An engineer I work with asked me for tips on what to read about database benchmarking. I told him I've learned a lot from reading Mark Callaghan's blog. Now that I think about it, articles and conference talks from Baron Scwhartz were also, or even more, fundamental early on when I was getting started. In particular his booklet or lecture on queueing theory is a great way to get you from beginner to expert in performance and benchmarking.
But... I've also come to realize that maybe I should write something on the topic myself! So here we go, this is a list of common beginner mistakes and how to fix them.
All of these mistakes were made by engineers who worked full time as database and big data experts. I've added some stories in cursive font.
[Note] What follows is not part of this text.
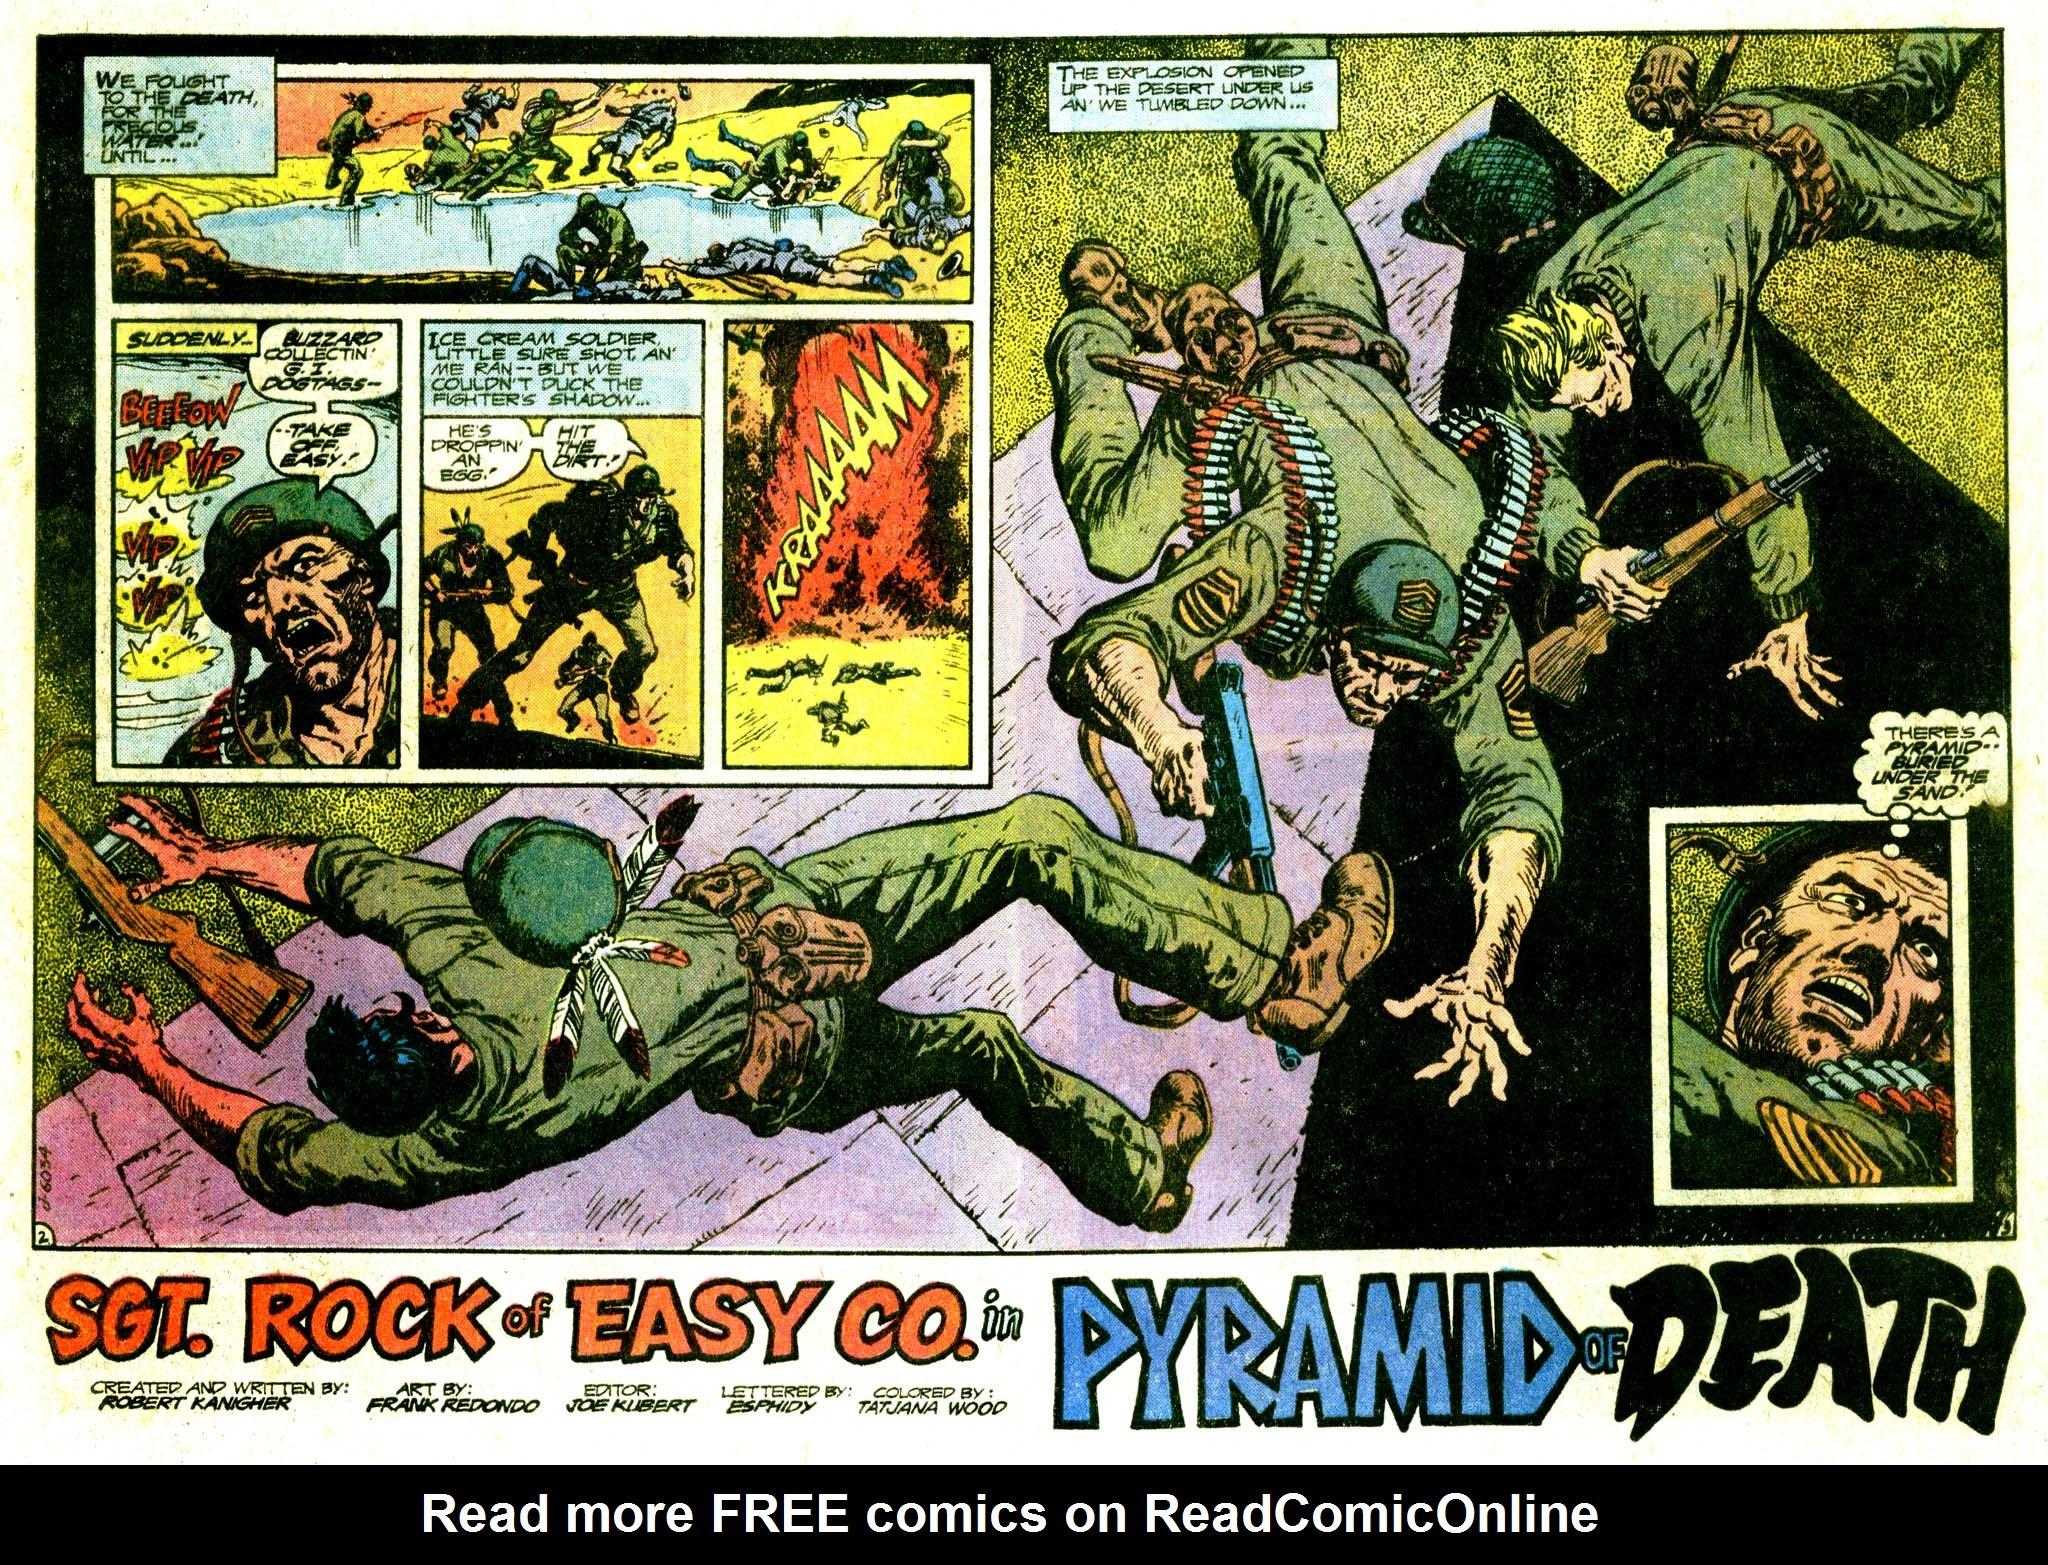 Read online Sgt. Rock comic -  Issue #332 - 4
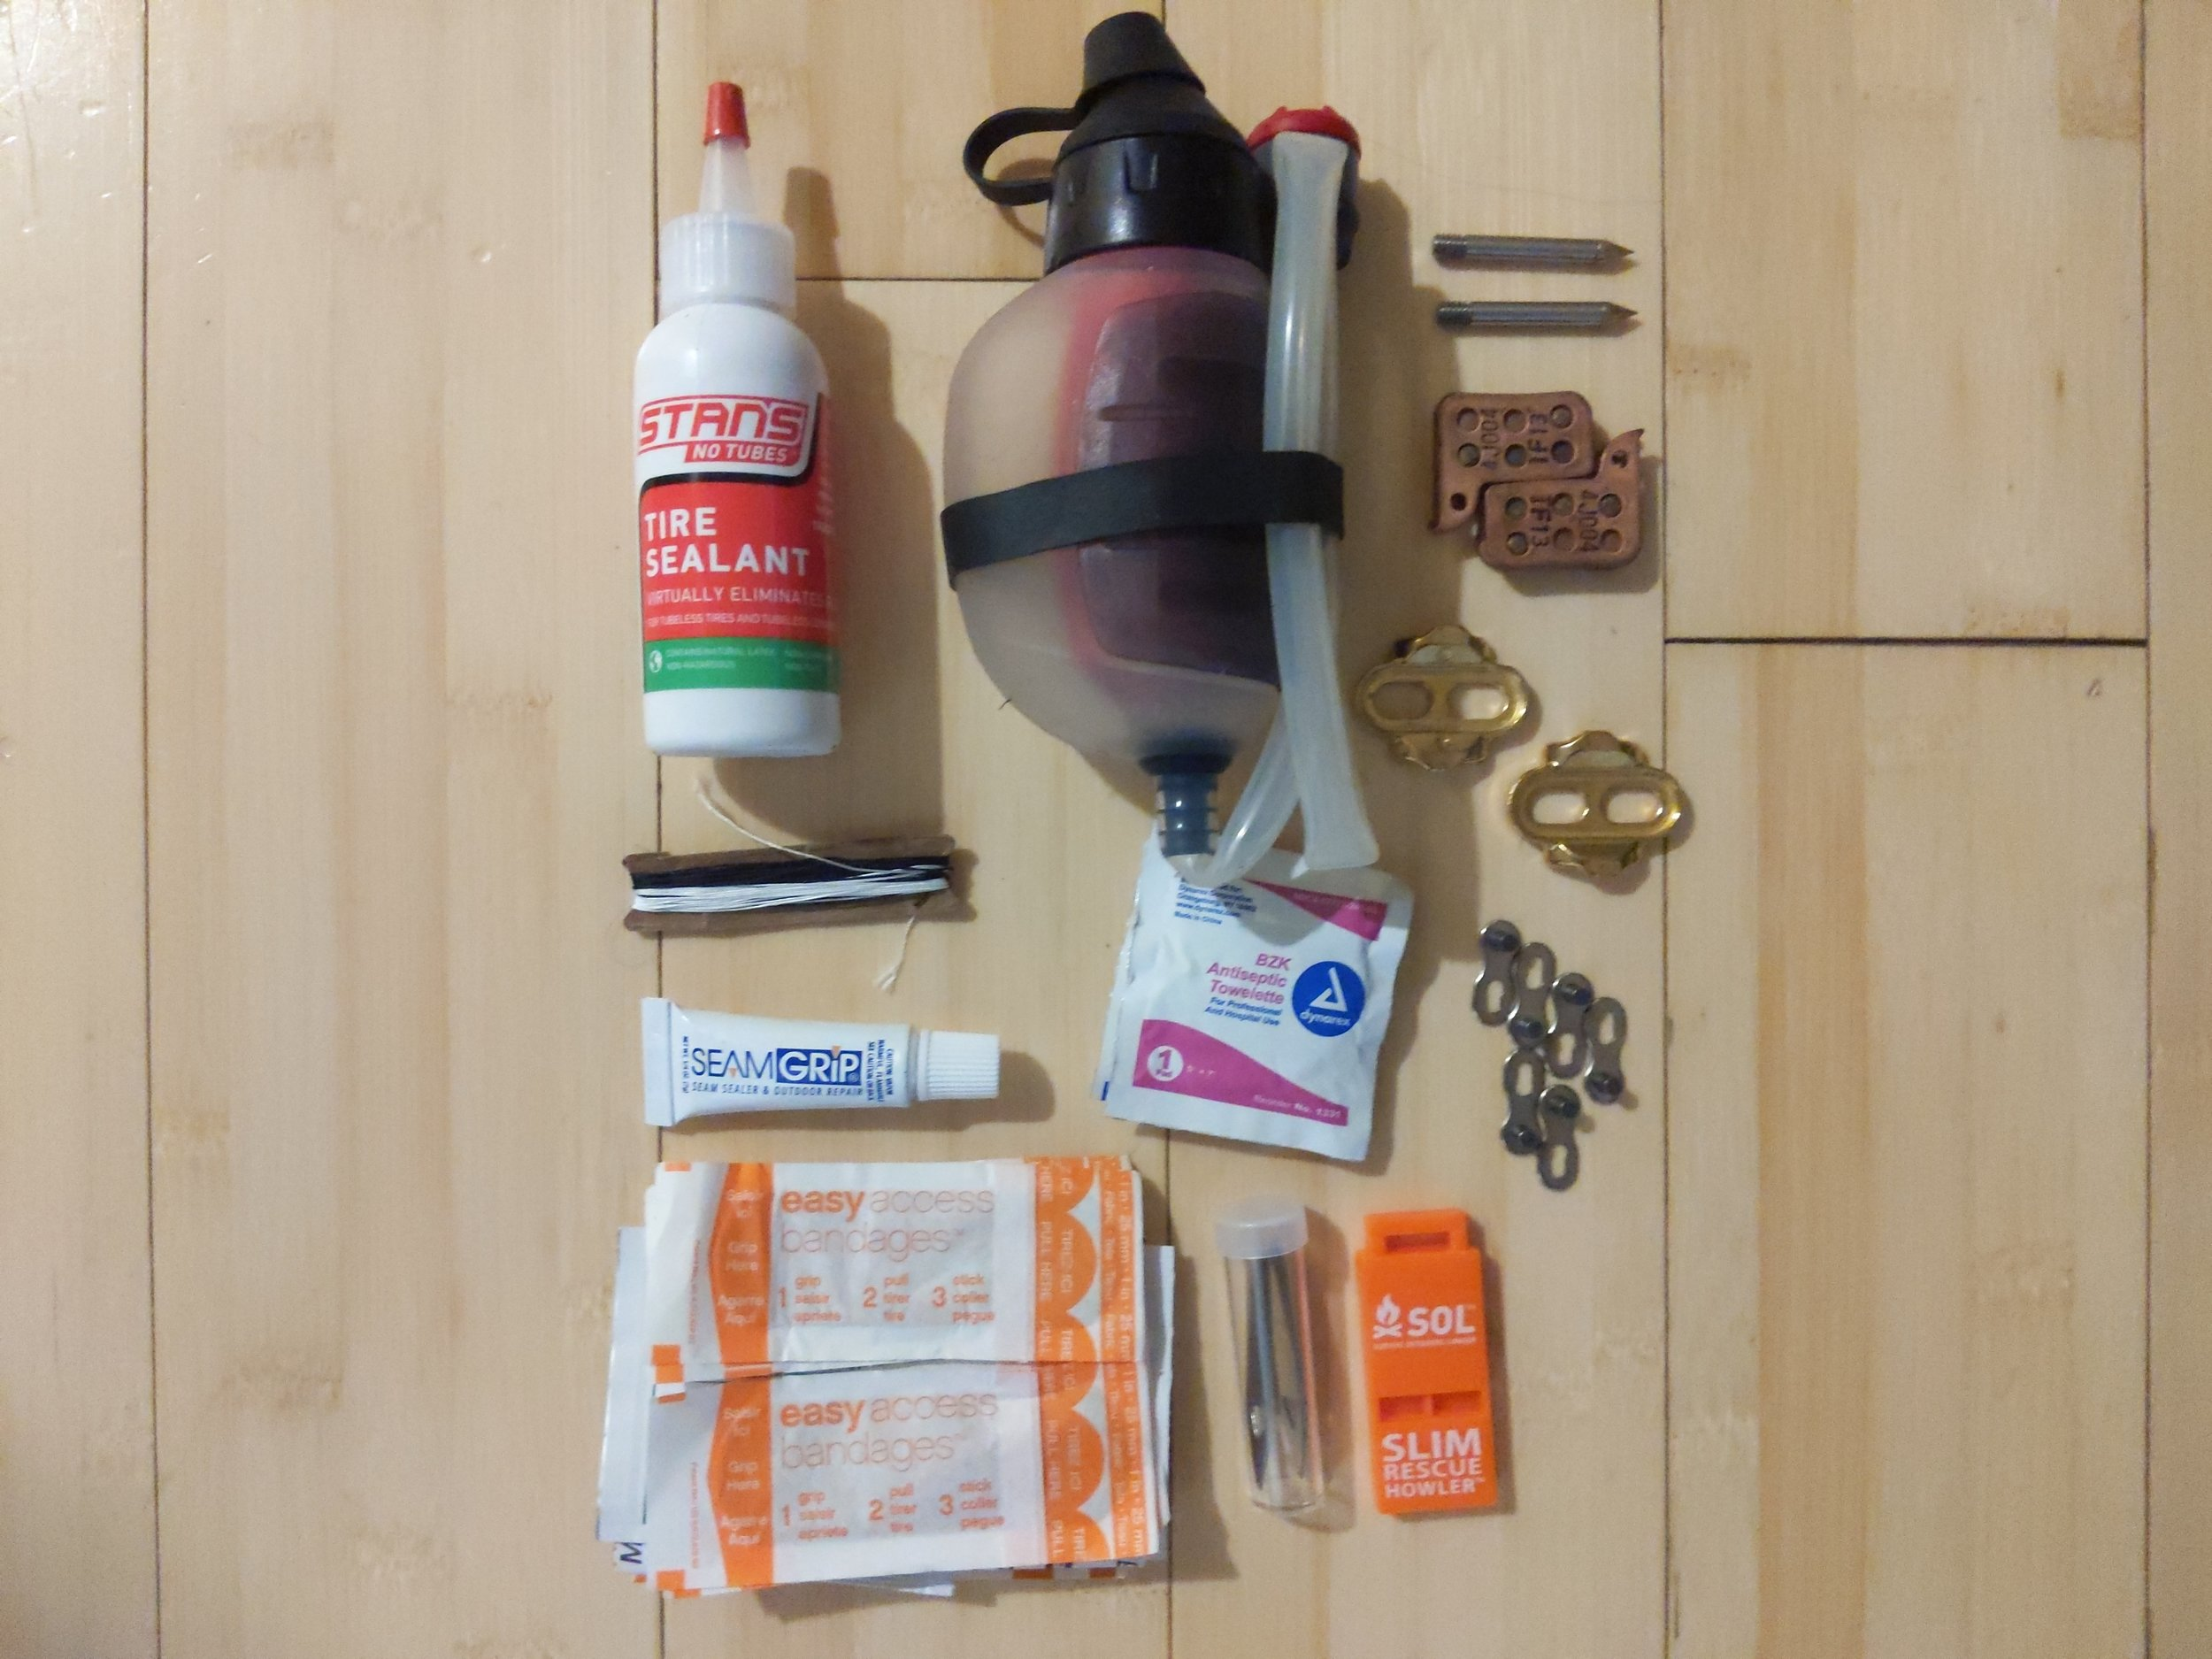 JPaks FramePak (bottom) - First Aid KitMSR Trailshot water filterSewing kitSpare brake pads, pedal cleats, and chain linksTire sealant

Single threaded benchmarks
A very common mistake for beginners is to write a script or program that will execute operations against a database using only a single thread. I started working in the database industry in 2008, and already then this would fail to come anywhere close to modeling how a database under real production load behaves.
In 2013 when I started at MongoDB, I did work with a customer who simply used mongoimport to load some json files into a sharded MongoDB cluster. I mean they used this as their benchmark to evaluate MongoDB performance! Back then mongoimport by default used a single thread, and that's exactly what their benchmark was doing.
Funny story... This customer was under a lot of pressure to go into production. So they demanded that the consultant had to be extremely competent to solve this problem. I told them we will send our most senior MongoDB consultant. I told the consultant about this, and he resisted:
- You can't tell them that! It's not true!
- But you have worked here longer than anyone else on the team, I replied.
- Hmm... I guess.
So the consultant went onsite to the customer, added the --threads option to mongoimport, and instantly got multiple times better performance. Then they proceeded to write their own benchmark client in Java so that they could also do other optimizations. The customer was very content with our most senior consultant. Soon after this the consultant went on to found his own startup in the Kubernetes space. They recently did a nice exit by being acquired by a bigger security company. He totally deserved this!
Warmup
Most systems and especially databases exhibit various startup effects. This means it takes time for them to reach a steady state. In some cases this takes minutes, in extreme cases hours. This means your benchmark tooling needs to support a warmup phase where it discards any measurements. The benchmark result should only be measured during steady state. And you need to be aware of how long it takes to reach that steady state.
Single query
An extreme case of combining the above two mistakes is to just run a single query once and timing the execution time. This is first of all a single threaded operation (unless the database happens to support parallel query). It also is suspectible to warmup effects. And there isn't even an attempt to account for such variance by repeating the query multiple times so that one can report results as average and other aggregates.
When Postgresql added JSON support, EnterpriseDB was quick to publish benchmark results comparing PostgreSQL and MongoDB. PostgreSQL of course was faster, that's how this game works. So I went and looked at this new benchmark thinking maybe it was something we could use to benchmark MongoDB. What I found was a benchmark doing all of the above mistakes. Essentially the benchmark was a single query executed and timed with the mongo shell, pretty much: time mongo --eval "db.coll.find(...)"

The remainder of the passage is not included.